Atomic bomb survivors in Japan on Thursday urged the new U.S. administration of U.S. President Joe Biden to join a U.N. treaty banning nuclear weapons that will take effect the following day.

"We earnestly call for (U.S.) participation in the treaty," said Michiko Kodama, 82, assistant secretary general of the Japan Confederation of A- and H-Bomb Sufferers Organizations at a Tokyo press conference.

Screenshot taken on Jan. 21, 2021, shows Michiko Kodama, assistant secretary general of the Japan Confederation of A- and H-Bomb Sufferers Organizations, speaking at a press conference in Tokyo. (Kyodo)

The Treaty on the Prohibition of Nuclear Weapons adopted in 2017, the first international pact outlawing the development, testing, possession and use of nuclear weapons, will enter into force Friday after 50 countries ratified it.

However, nuclear weapon states, such as the United States, Russia and China, are not part of it.

Kodama said she wants Biden to remember World War II and keep alive the memory those who perished in Hiroshima and Nagasaki just as he grieved the victims of COVID-19, the respiratory illness caused by the novel coronavirus.
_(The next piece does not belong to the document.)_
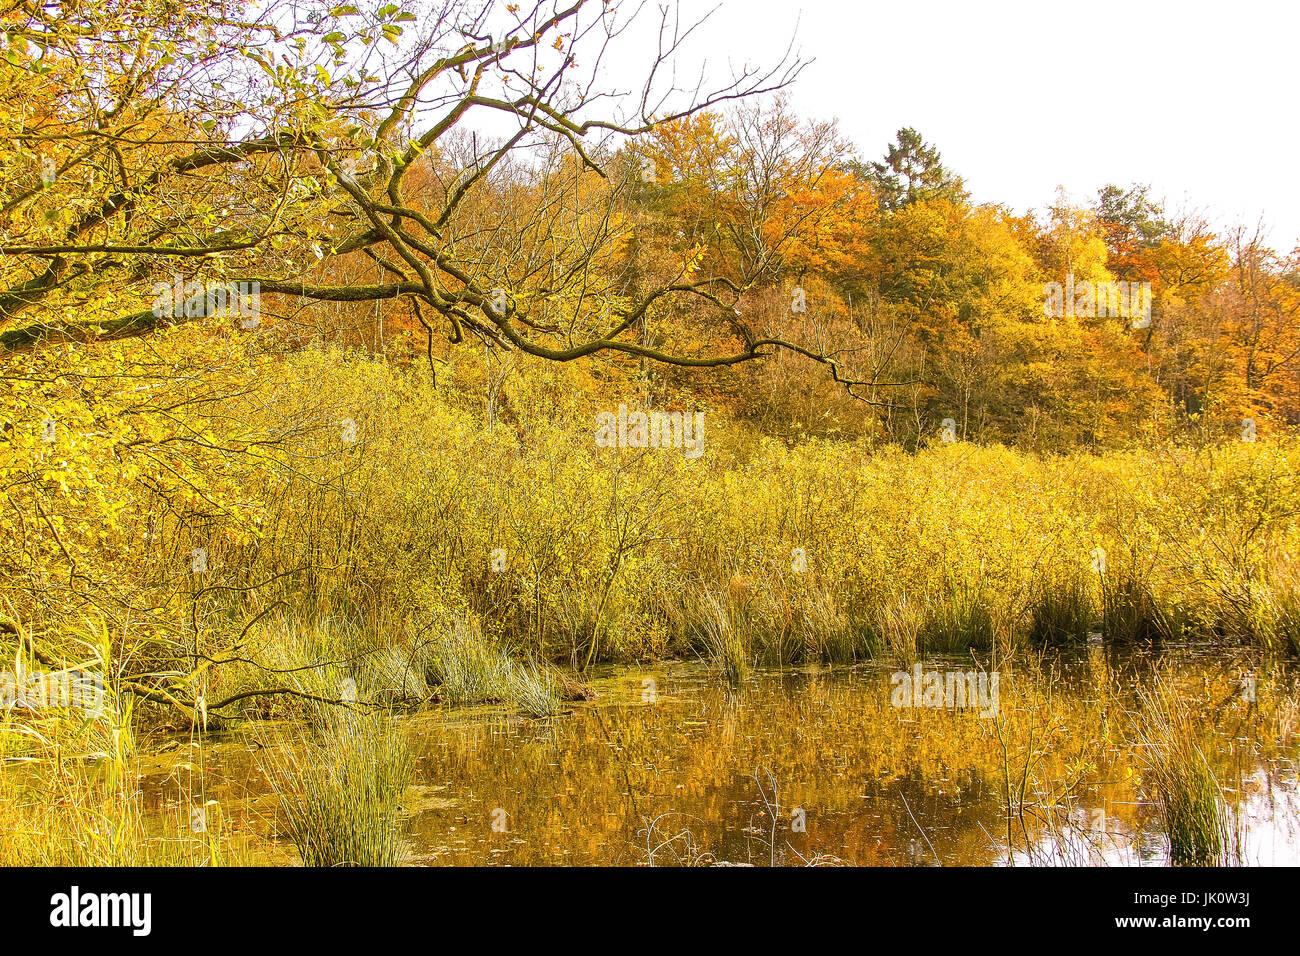 Bank-Bereich von einem Waldteich in der Mitte eine Pause Holz im Herbst gefärbten Uferbereich Eines Waldweihers Inmitten Eines Bruchwaldes in herbstfarben Stockfoto
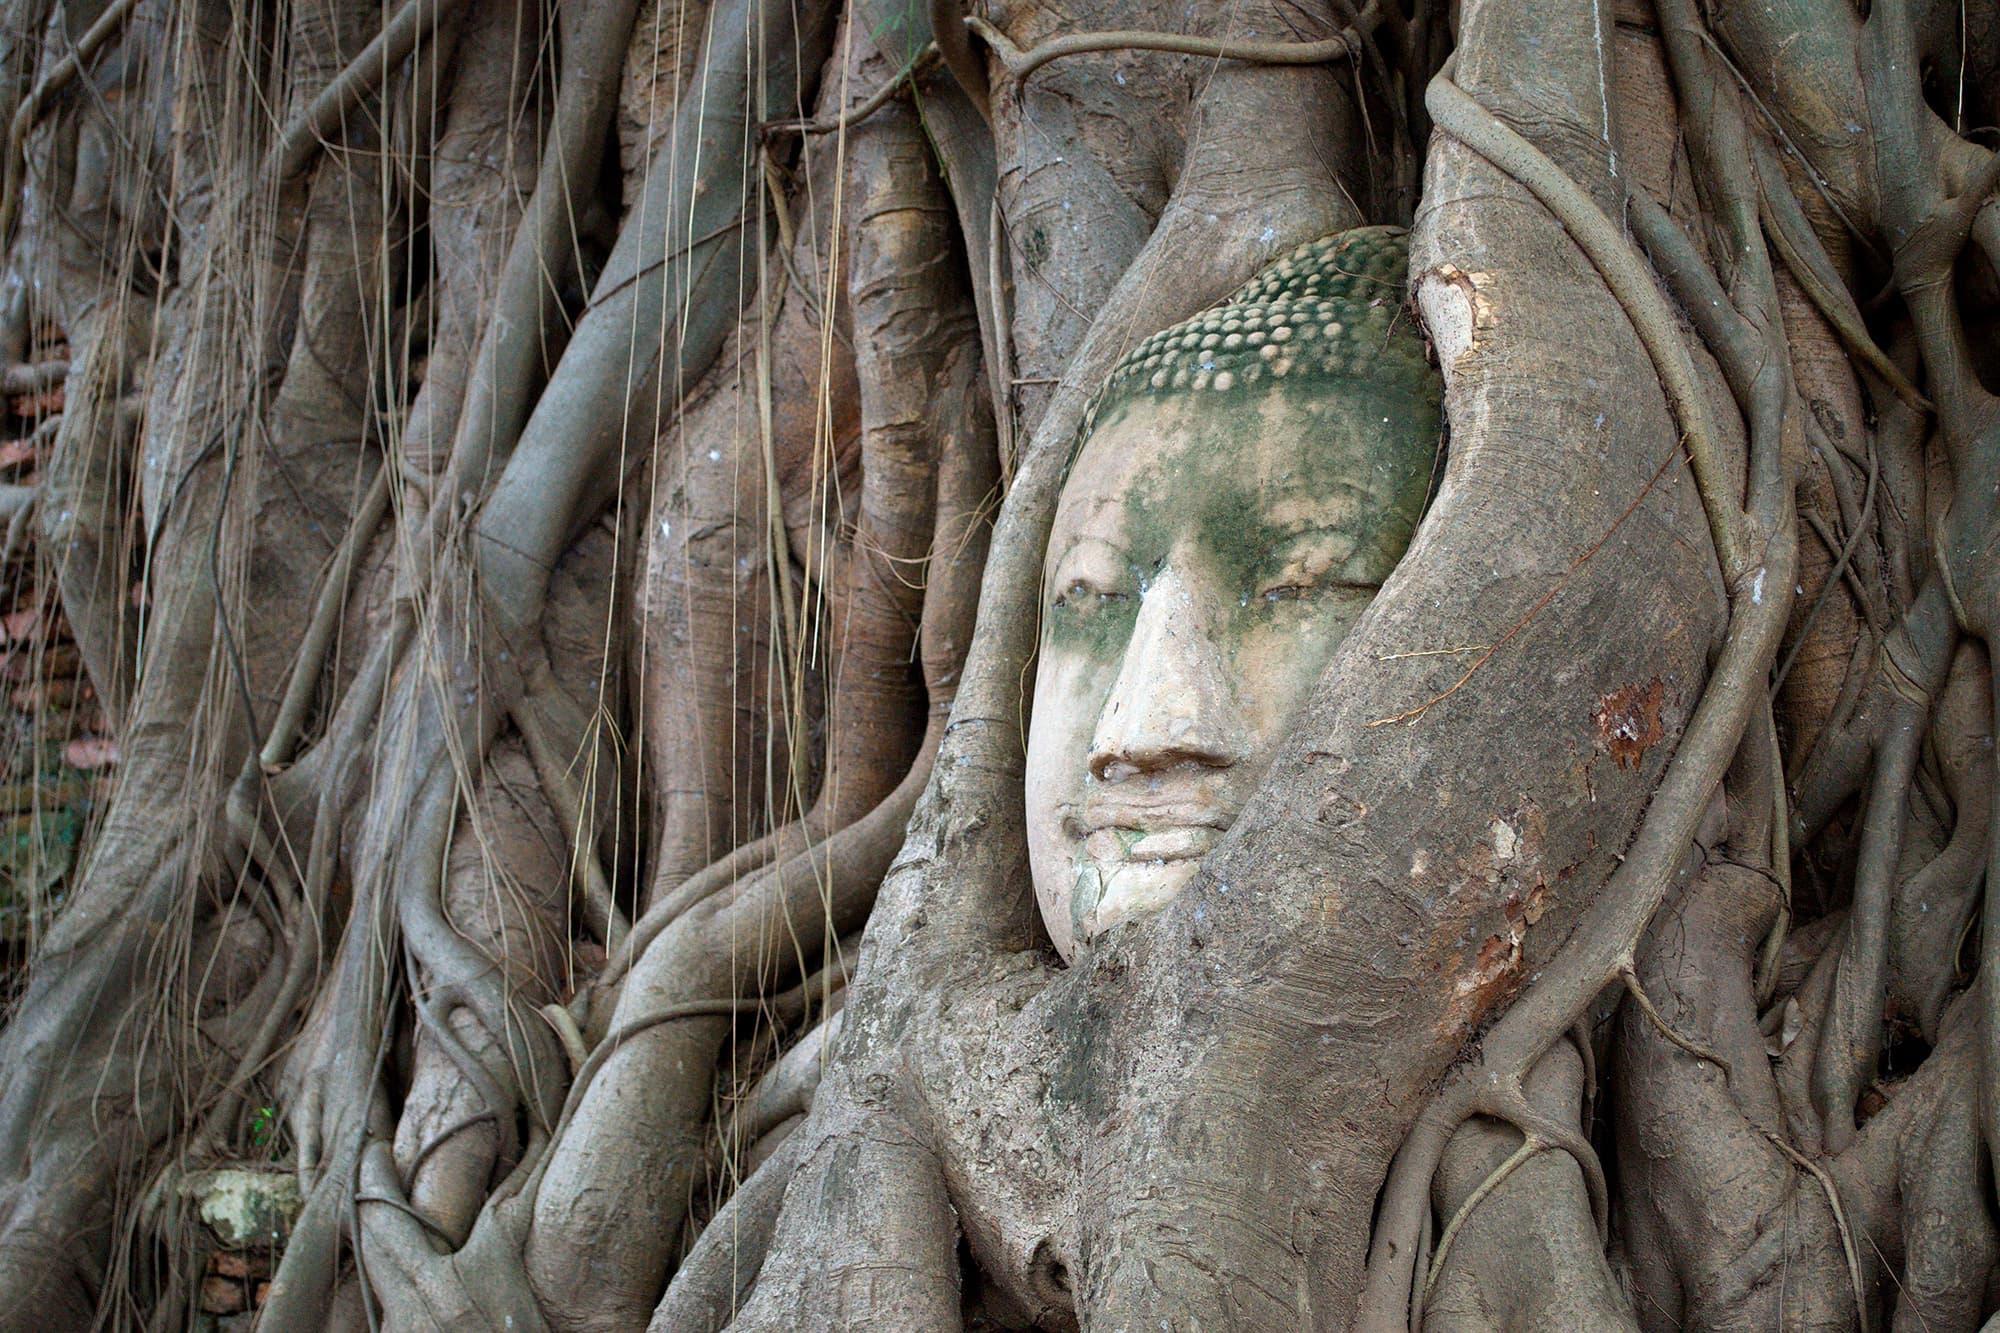 Tailandia del norte en hoteles boutique - Tailandia- imagen #6

The mayors of Hiroshima and Nagasaki also asked in a joint letter to Biden if he would visit the two cities and take part in a meeting of the parties to the nuclear ban treaty, local officials said.

In August, Biden, who was vice president under Barack Obama, said he will strive for a world without nuclear weapons and criticized his Republican predecessor Donald Trump for undermining past efforts to curb the dangers of such arsenals.

"I will work to bring us closer to a world without nuclear weapons, so that the horrors of Hiroshima and Nagasaki are never repeated," Biden said in a statement released on the 75th anniversary of the dropping of the atomic bomb in Hiroshima, western Japan.

Akira Kawasaki, a campaigner of the International Campaign to Abolish Nuclear Weapons, which won the Nobel Peace Prize in 2017 for its efforts that led to the adoption of the nuclear ban treaty, told the Tokyo news conference he hopes the Biden administration will "cease to put pressure on countries supporting the pact."

Kawasaki said the Trump administration had urged nations backing the U.N. nuclear ban treaty to reverse their stance.

Japan has not signed the pact in consideration of its security alliance with the United States, which offers the shelter of a nuclear umbrella. The treaty only binds those states which have formally signed and ratified it.

Kodama's group has collected more than 13.7 million signatures calling for all nations to join the nuclear ban treaty in a campaign launched in 2016 and submitted them to the United Nations earlier this month.